Two Views of the Tester Bill

Thanks to Matthew Koehler for finding this..

Missoula Independent December 22, 2011

Nada for collaborators: Tester’s forest act isn’t sleeping–it’s dead
by George Ochenski

It’s the winter solstice, the shortest day and longest night of the year for those of us in the Northern Hemisphere. Trees are up and lights are twinkling to fend off the darkness, as gifts are exchanged to bring cheer in this holiday season. But there won’t be one gift for the small band of collaborators who support Senator Jon Tester’s Forest Jobs and Recreation Act. That rider was struck from the bill to fund the federal government, and it’s unlikely to see the light of day again. On the other hand, for many, and for reasons beyond partisan politics, that’s something to celebrate.

The story is long and ugly. Way back when Republican Conrad Burns was Montana’s junior U.S. senator, a handful of people from a few conservation groups decided they needed to find some way to pass a new wilderness bill for Montana. Montana’s senior senator, Max Baucus, a Democrat, was in a great position to do it, but he was too timid to wade into the contentious wilderness debate.

It’s customary in Congress that before any state wilderness measure is passed, the delegation from that state must agree on it. So the die was cast for Burns, who had ridden into office thanks in part to President Ronald Reagan’s pocket veto of a 1988 wilderness bill that had successfully passed both houses of Congress. Reagan vetoed it in order to defeat incumbent Democratic Senator John Melcher, by showing the power Burns carried with a sitting president while still a candidate. It worked.

Knowing that the chance of Burns losing his seat would be almost non-existent, since incumbent U.S. senators typically have the money, connections and power they need to stay in office, the small band of collaborators set out to devise a wilderness bill that could satisfy Burns. To get even some slivers of new wilderness, the conservationists decided they needed to give up swaths of forested lands to the timber industry, give up roadless areas to destruction by all-terrain vehicles and even give away Wilderness Study Areas that were protected by the visionary Wilderness Study Act of 1977, which had been sponsored by Montana’s great Democratic senator and wilderness supporter, Lee Metcalf. And so the first incarnation of what would become the basis for Jon Tester’s Forest Jobs and Recreation Act was born as the Beaverhead-Deerlodge Partnership.

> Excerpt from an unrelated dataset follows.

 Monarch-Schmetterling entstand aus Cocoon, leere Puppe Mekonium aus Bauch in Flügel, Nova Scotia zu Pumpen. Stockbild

But then the unexpected happened. Somehow, Jon Tester, a state senator, unseated Conrad Burns in the 2006 elections by a hair-thin margin of 3,000 votes. Many would say those votes came from supporters of Paul Richards, a candidate in the Democratic primary who dropped out of the race only days before the election and urged his supporters to vote for Tester in both the primary and the general election. Richards did so based on a meeting with Tester to get his personal assurance that all roadless lands would be protected and that no significant natural-resource legislation would be attempted as a rider on unrelated bills. Tester promised Richards it would be so.

Shortly after Tester’s victory, the conservationists presented him with the agreement they had reached “collaboratively” with a few small timber mill owners that, among other things, contained mandated levels of timber harvests from national forests—just as the housing market collapsed and the demand for timber vanished.

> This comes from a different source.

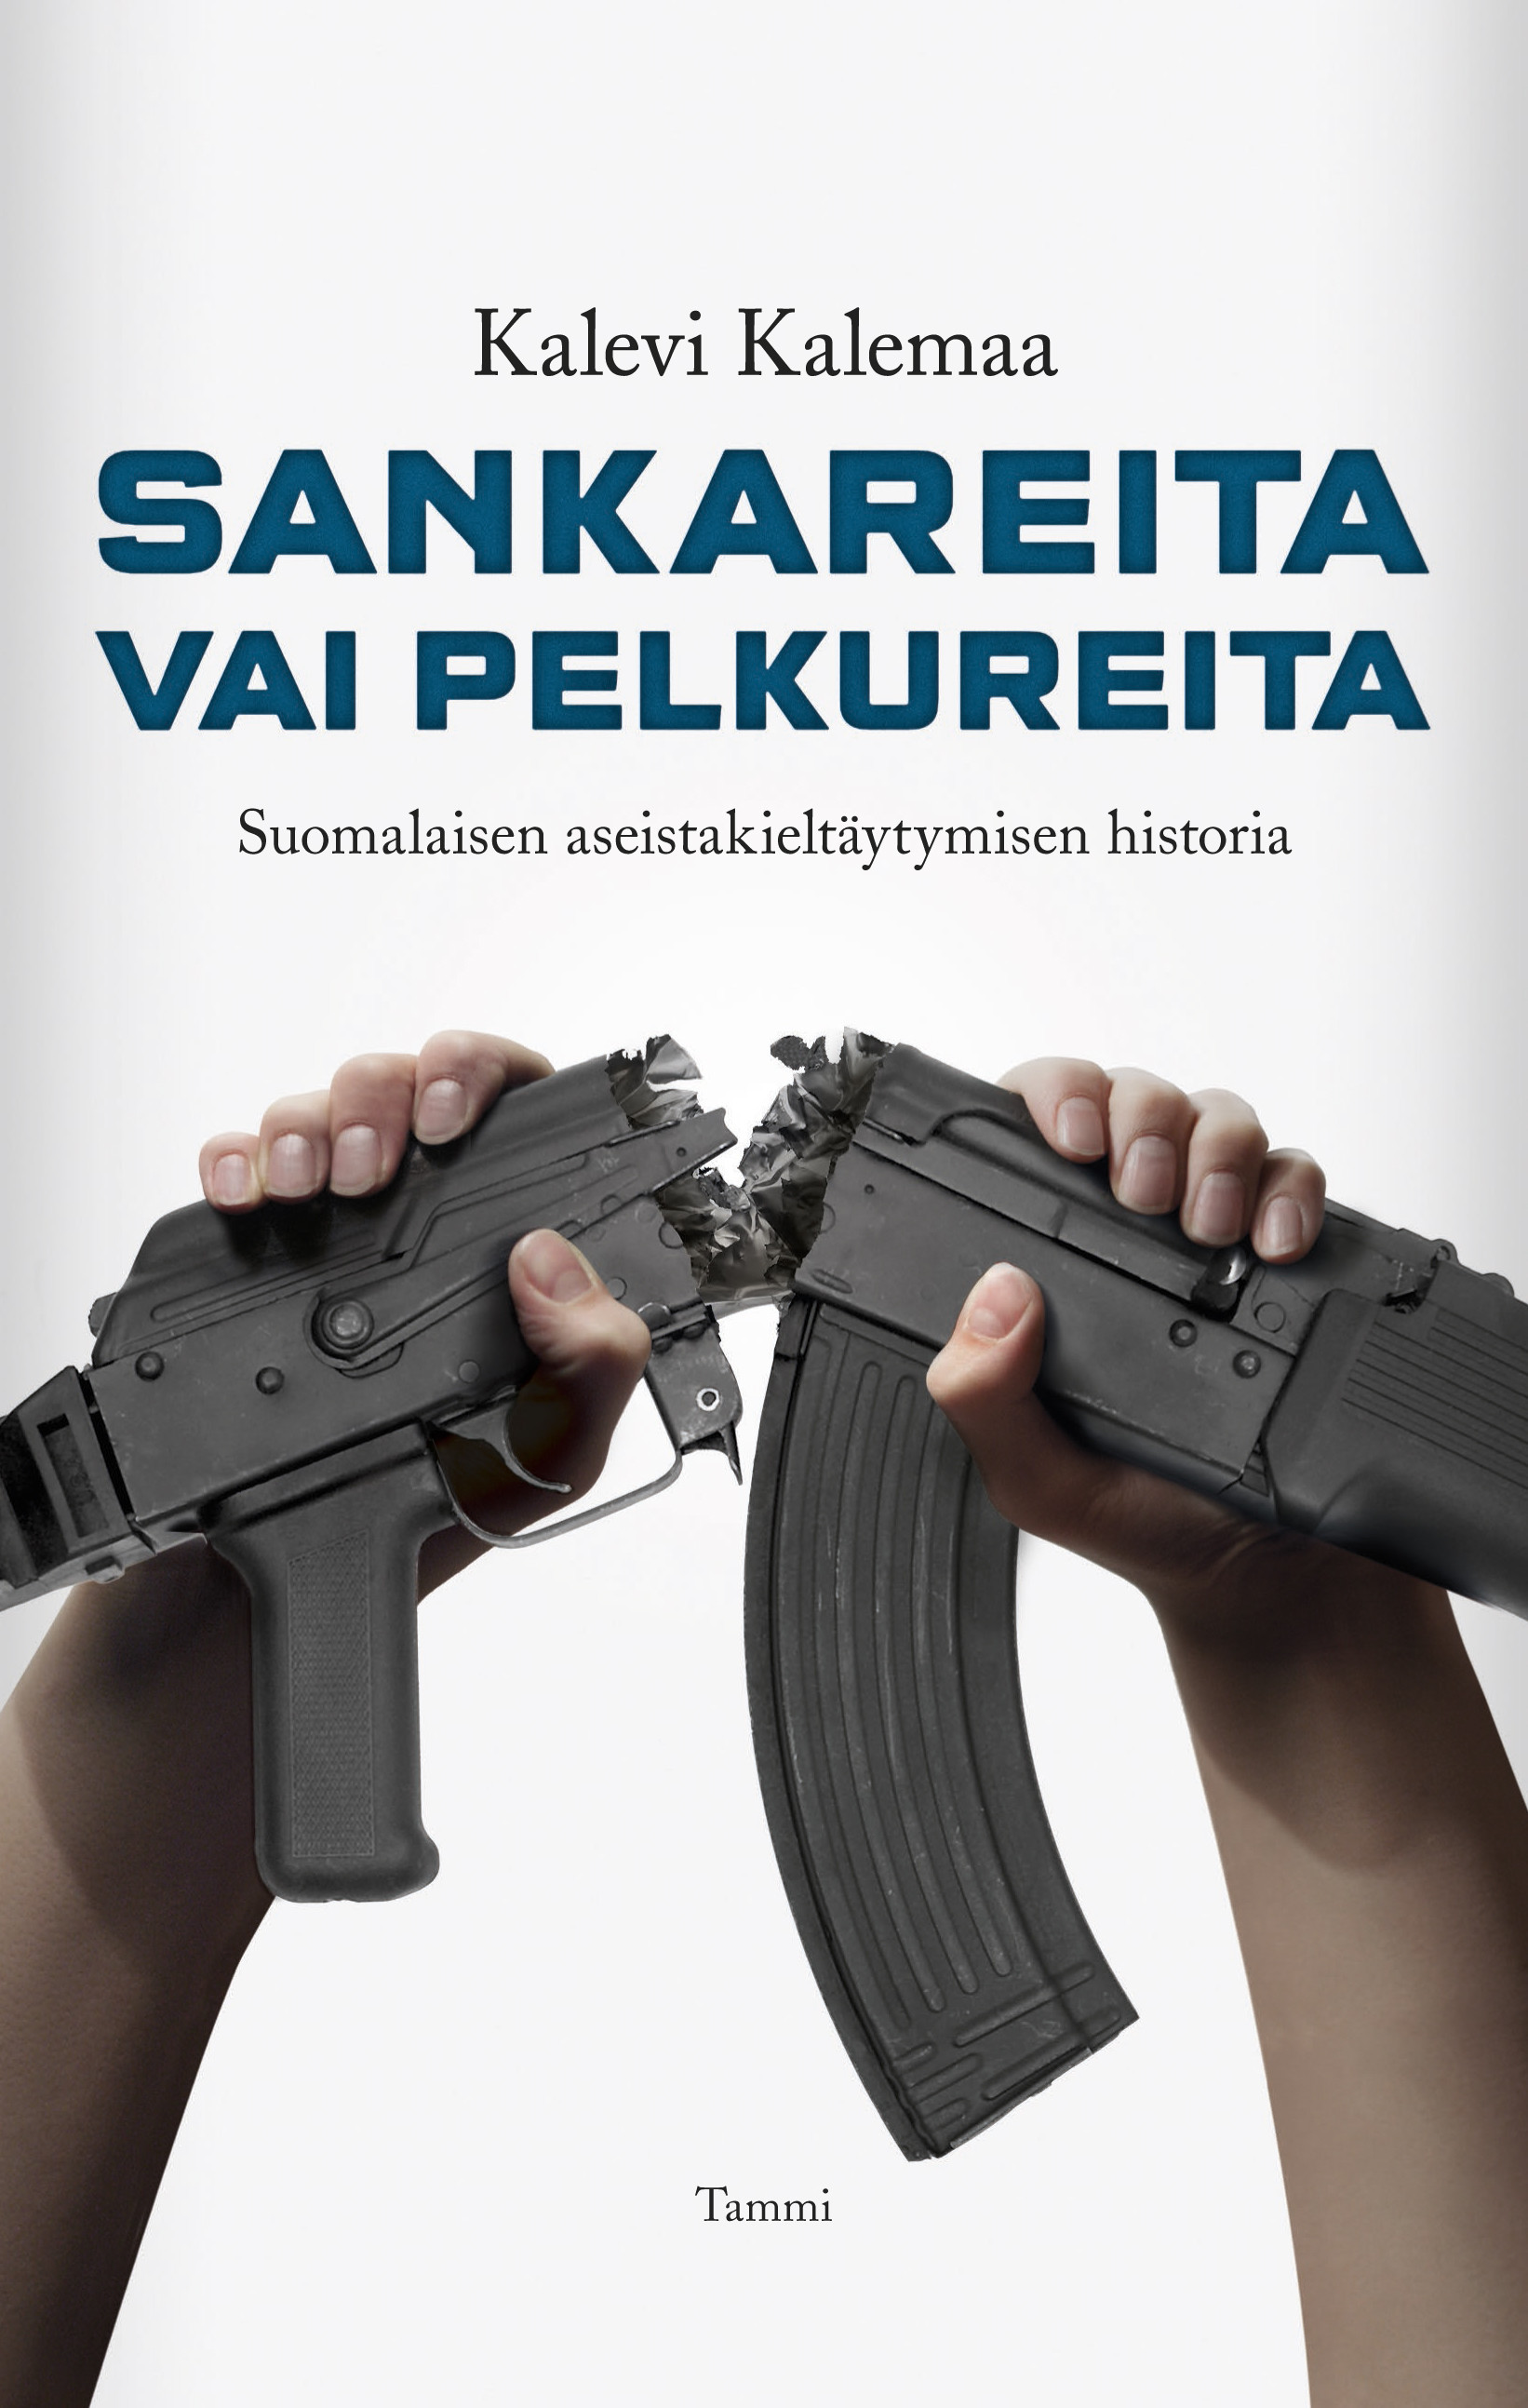 Kalemaa, Kalevi - Sankareita vai pelkureita: Suomalaisen aseistakieltäytymisen historia, e-kirja

Up to this time, the general public had been excluded from the collaboration and remained so up until the time Tester dropped his Forest Jobs and Recreation Act in the hopper. A measure designed to please a Republican senator and Republican president was now embraced and defended by a Democratic senator under a Democratic president.

The way legislation is supposed to work in Congress is that a bill is introduced in either the Senate or House while a similar measure is introduced in the other chamber. There are public hearings in both chambers. If both bills pass, Congress irons out the differences and sends the reconciled bill to the president.

But that didn’t happen with Tester’s bill. Instead, thanks to the public land giveaways and the dangerous precedent of congressionally mandated harvest levels on national forest lands, Tester’s bill never made it out of committee. No companion bill was introduced in the House.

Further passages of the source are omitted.